Task objective:
Output the data unchanged and complete, minus the images.

++++ Data block

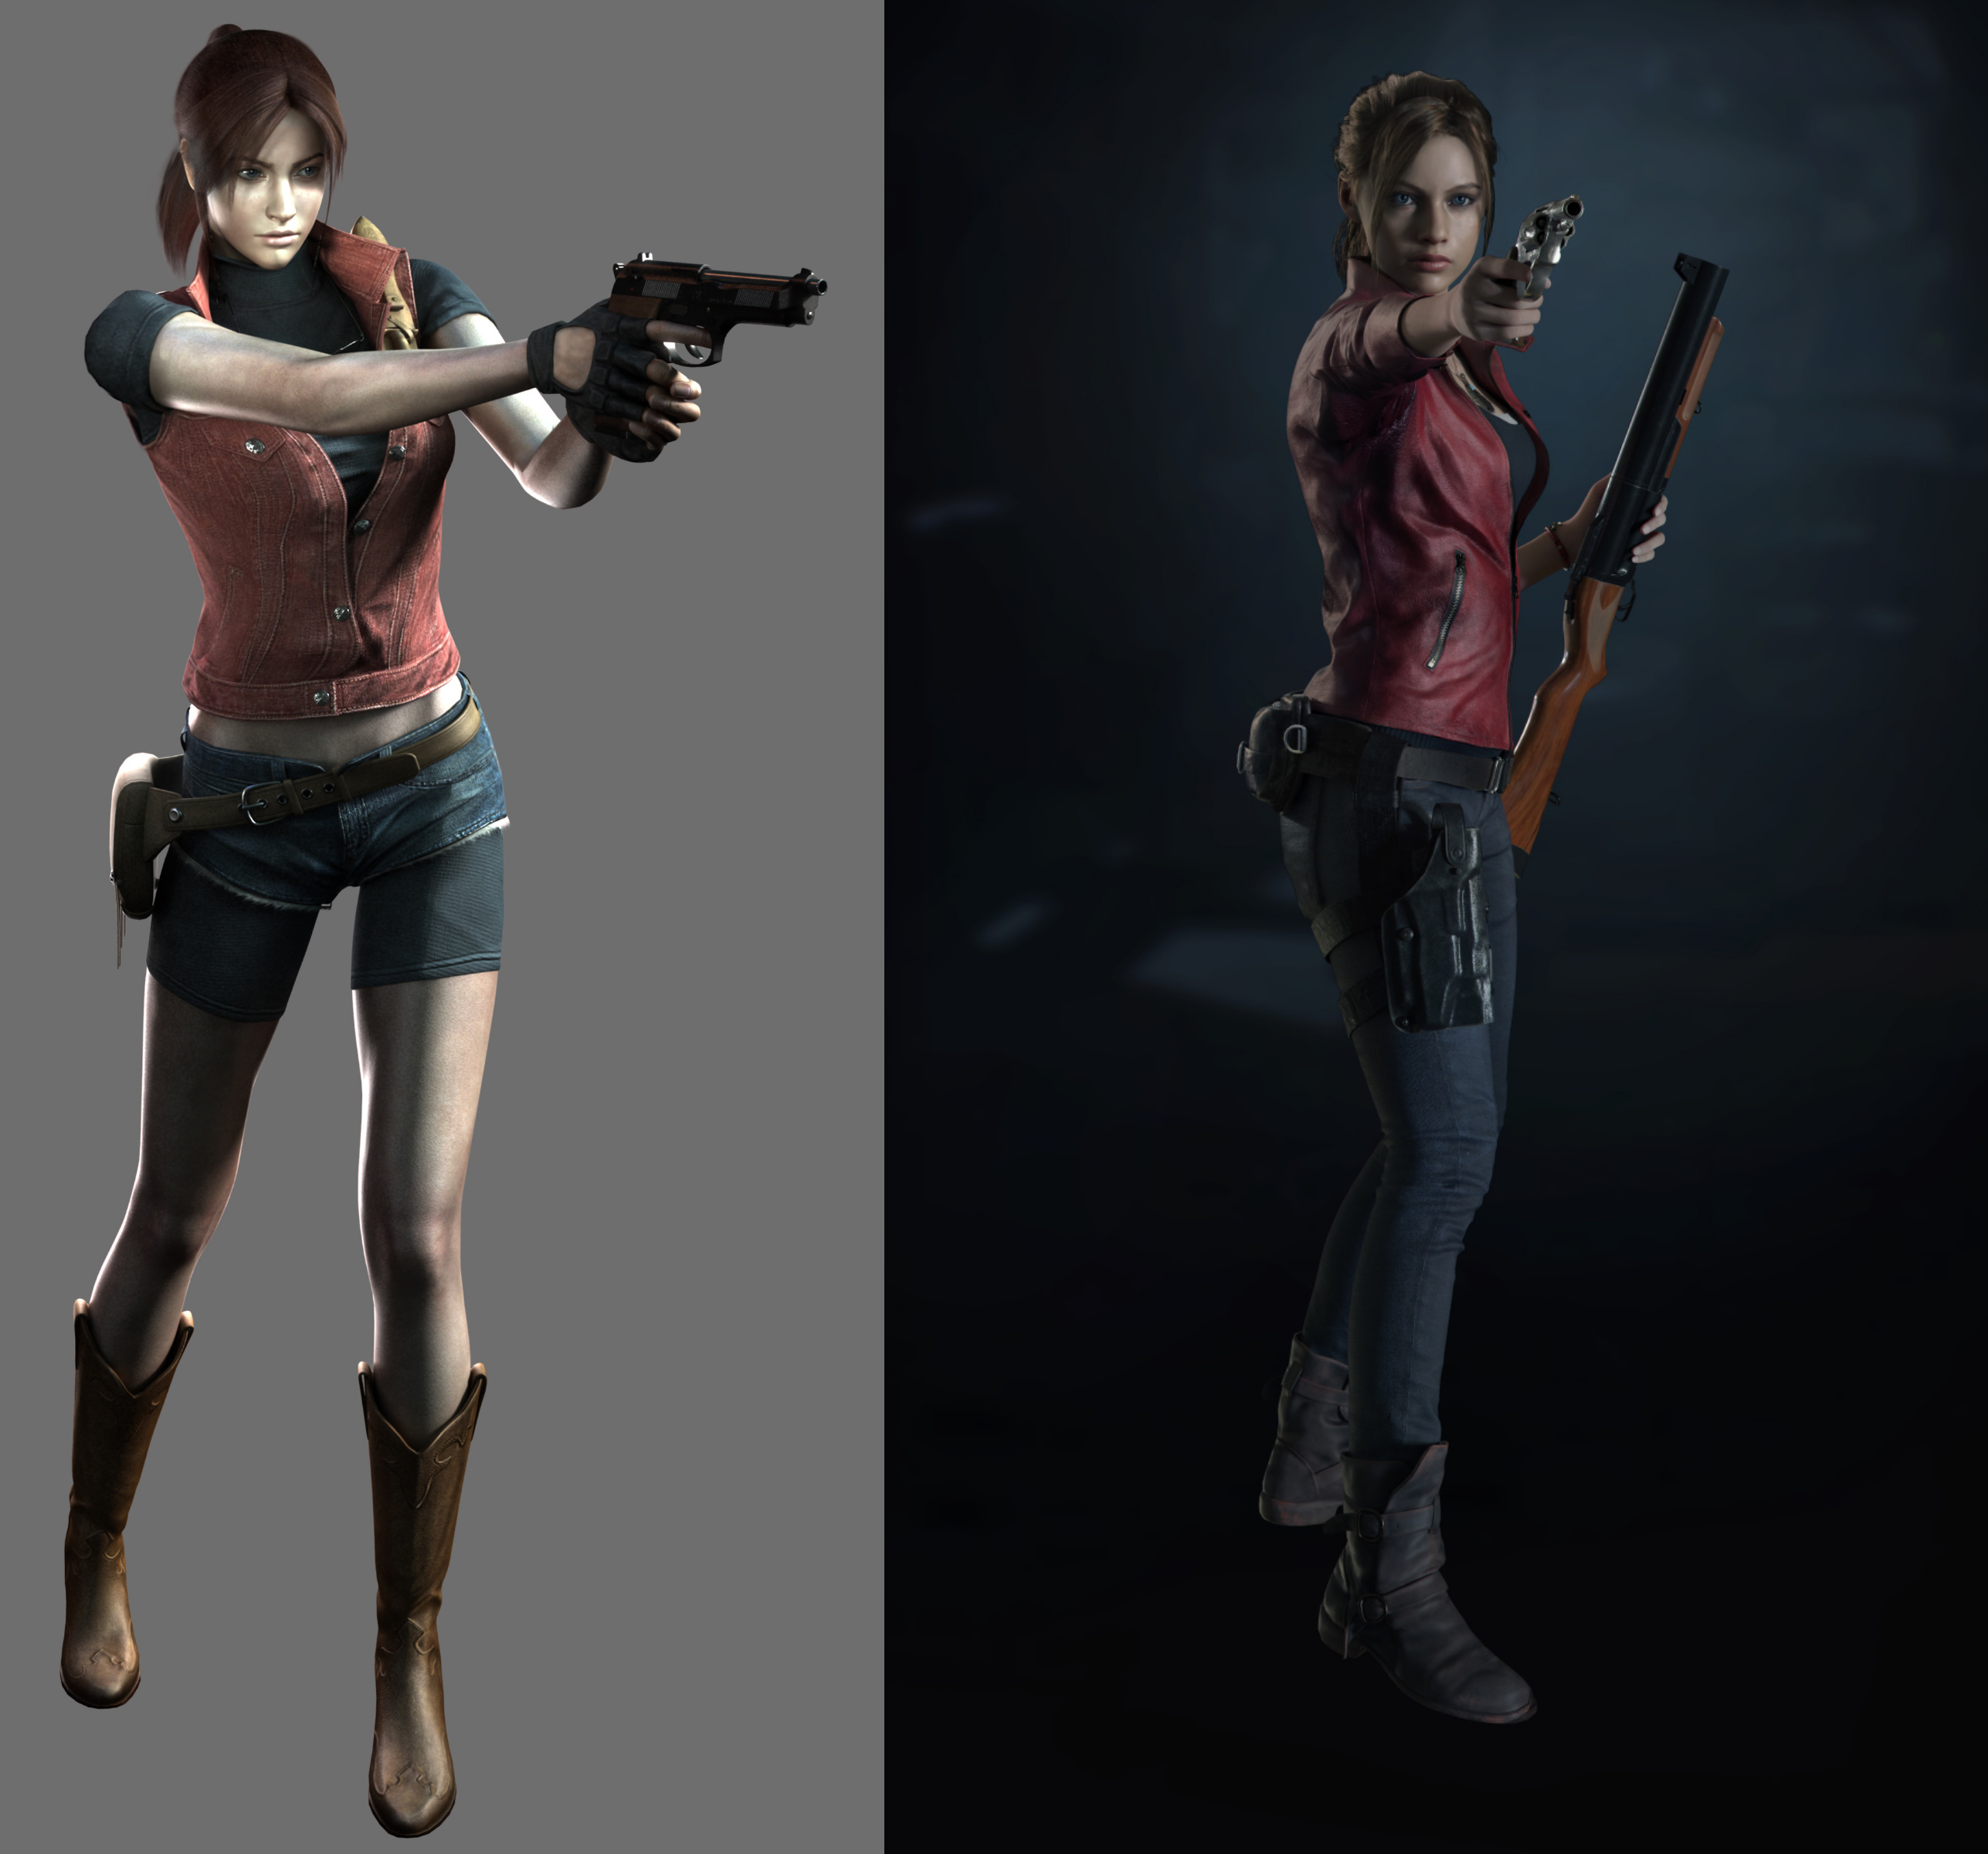 Claire Redfield went from wearing shorts and a T-shirt or this weird unitar...
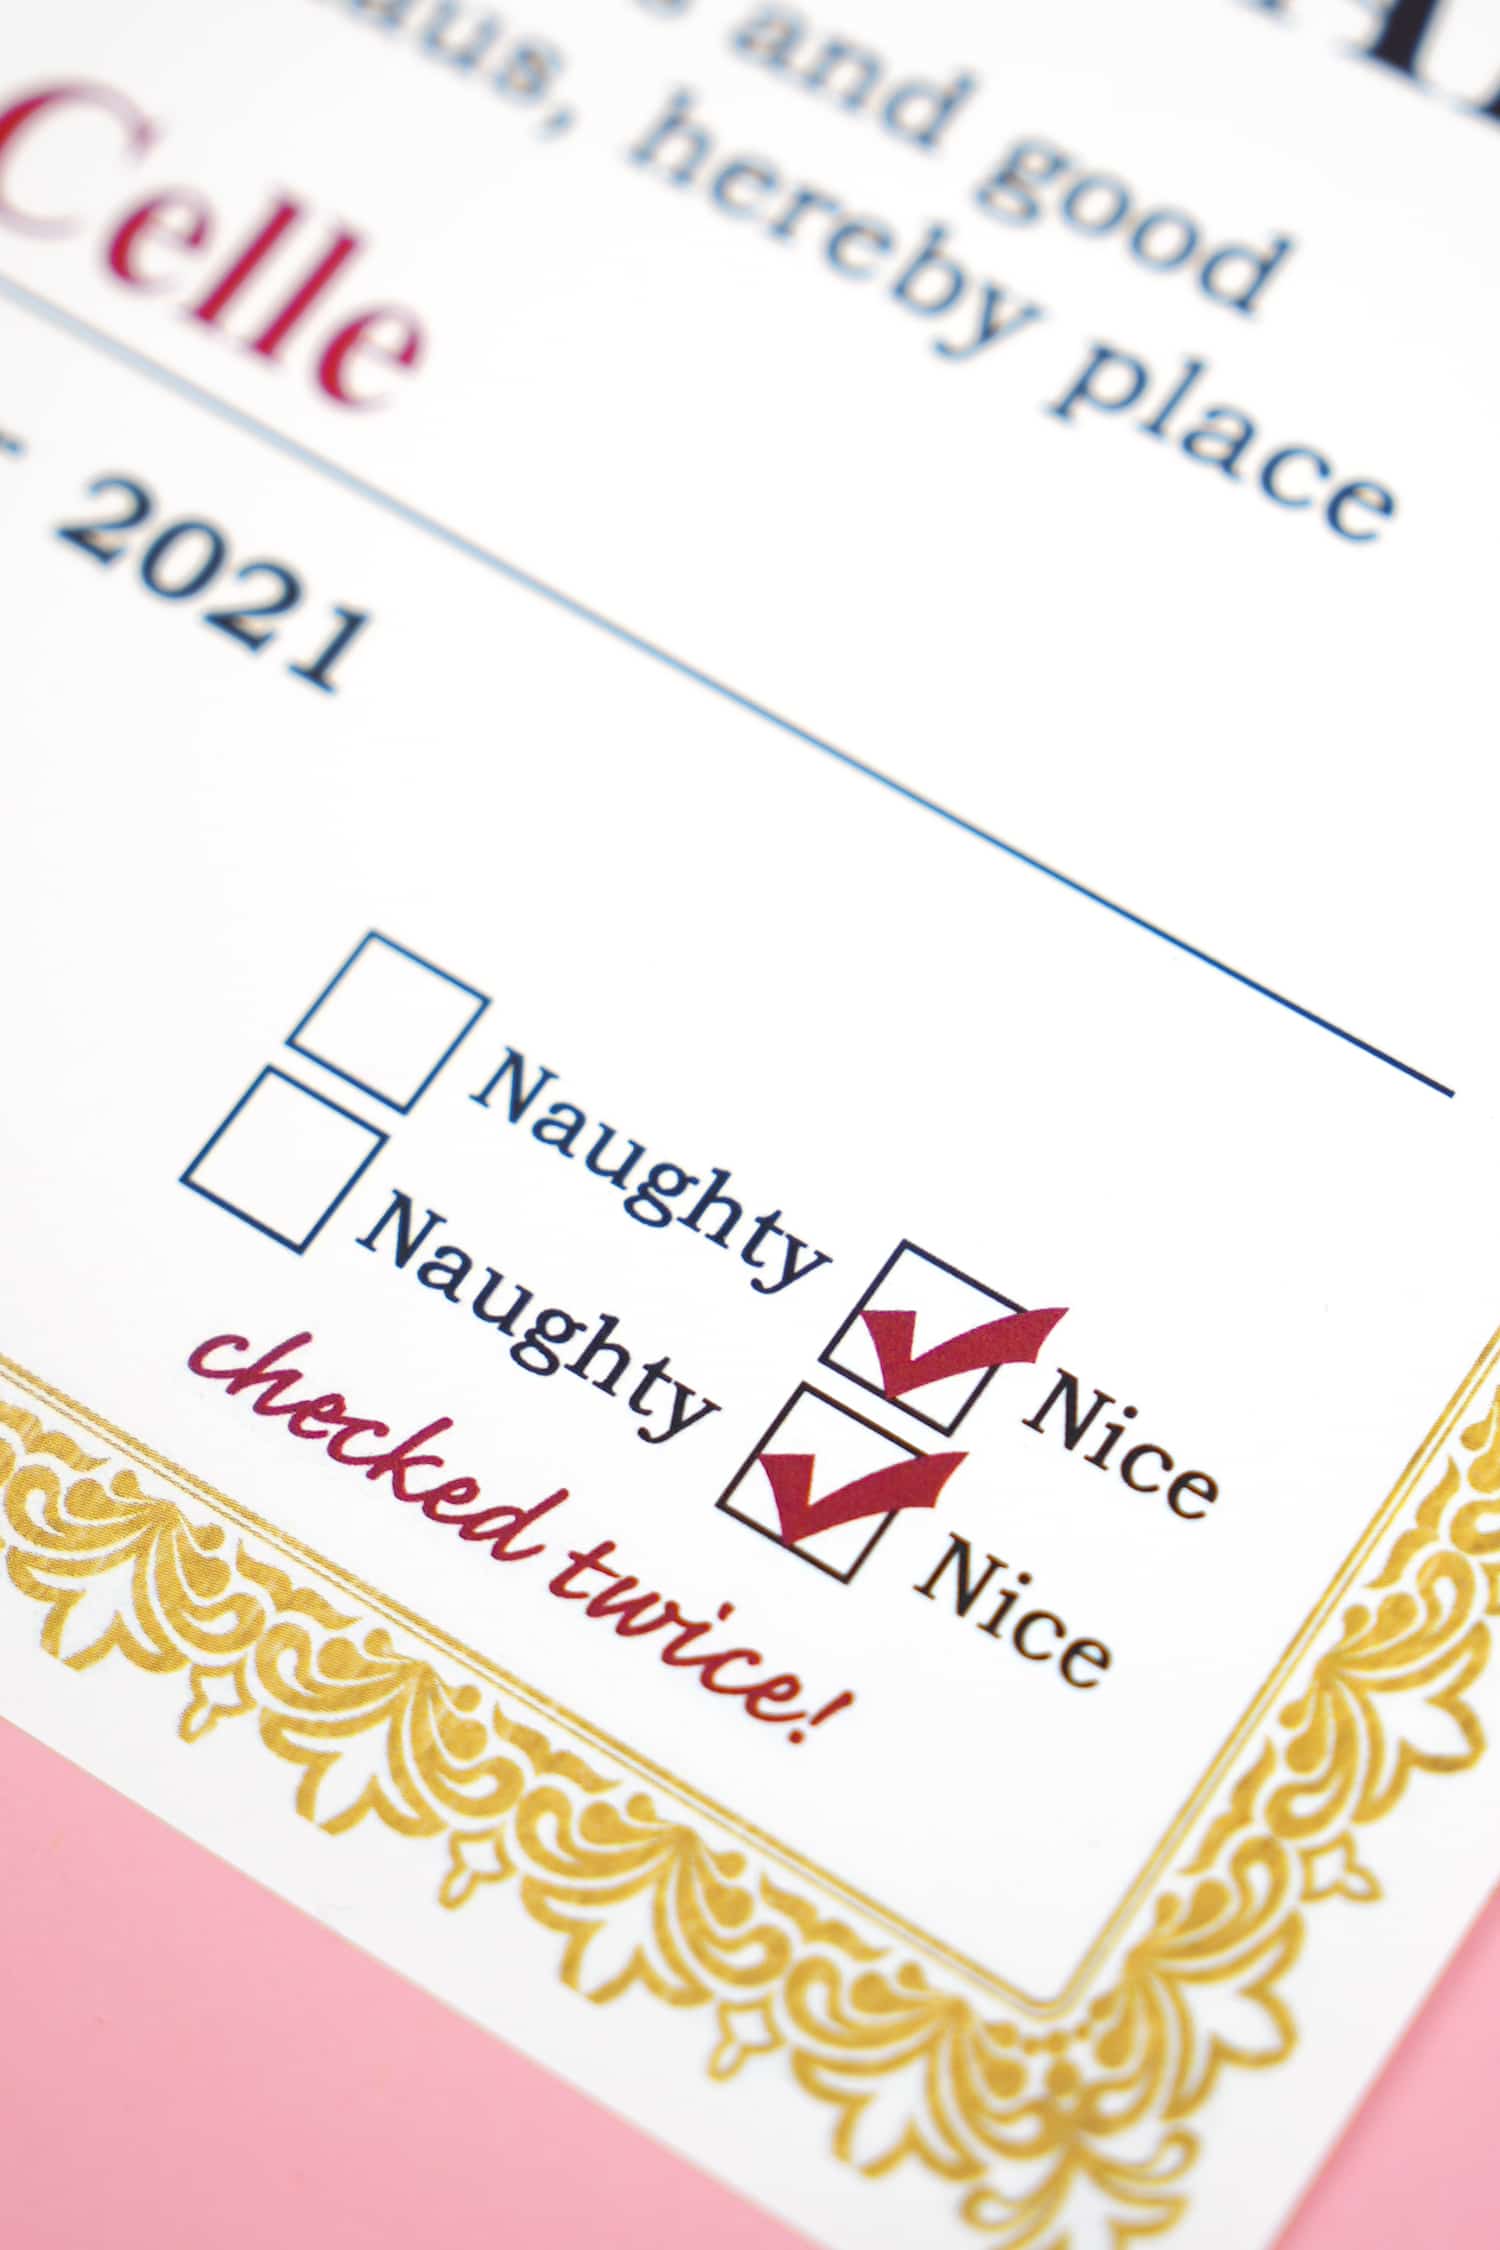 Close up of Santa's Nice list printable certificate with "Checked Twice" and two "Nice" checkboxes marked off
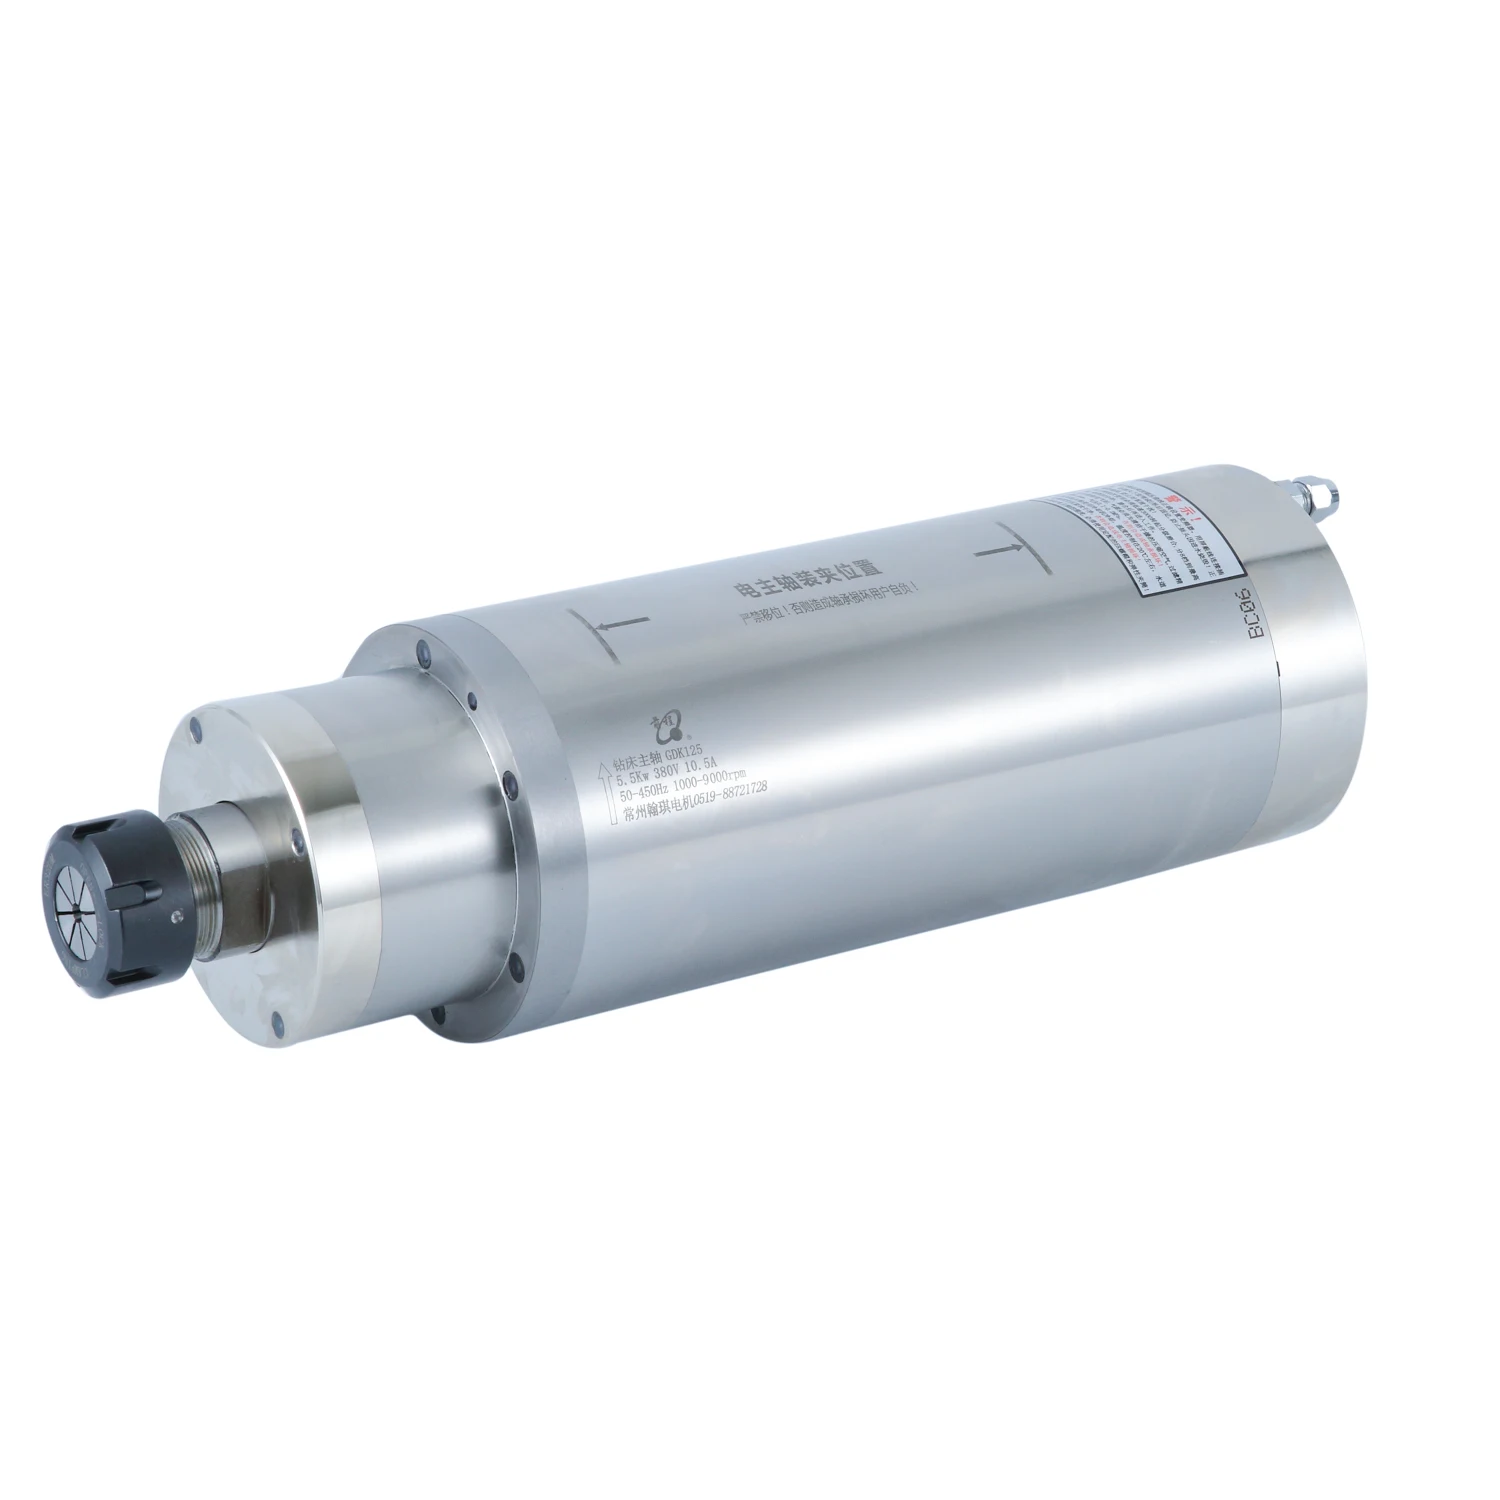 GDK125-9Z/5.5  Cheap Price  spindle  ER32 GDK125-9Z/5.5kw  11A for CNC Router spindle motor

++++++++

Problem solution:
 Claire Redfield went from wearing shorts and a T-shirt or this weird unitar...
 Close up of Santa's Nice list printable certificate with "Checked Twice" and two "Nice" checkboxes marked off
 GDK125-9Z/5.5  Cheap Price  spindle  ER32 GDK125-9Z/5.5kw  11A for CNC Router spindle motor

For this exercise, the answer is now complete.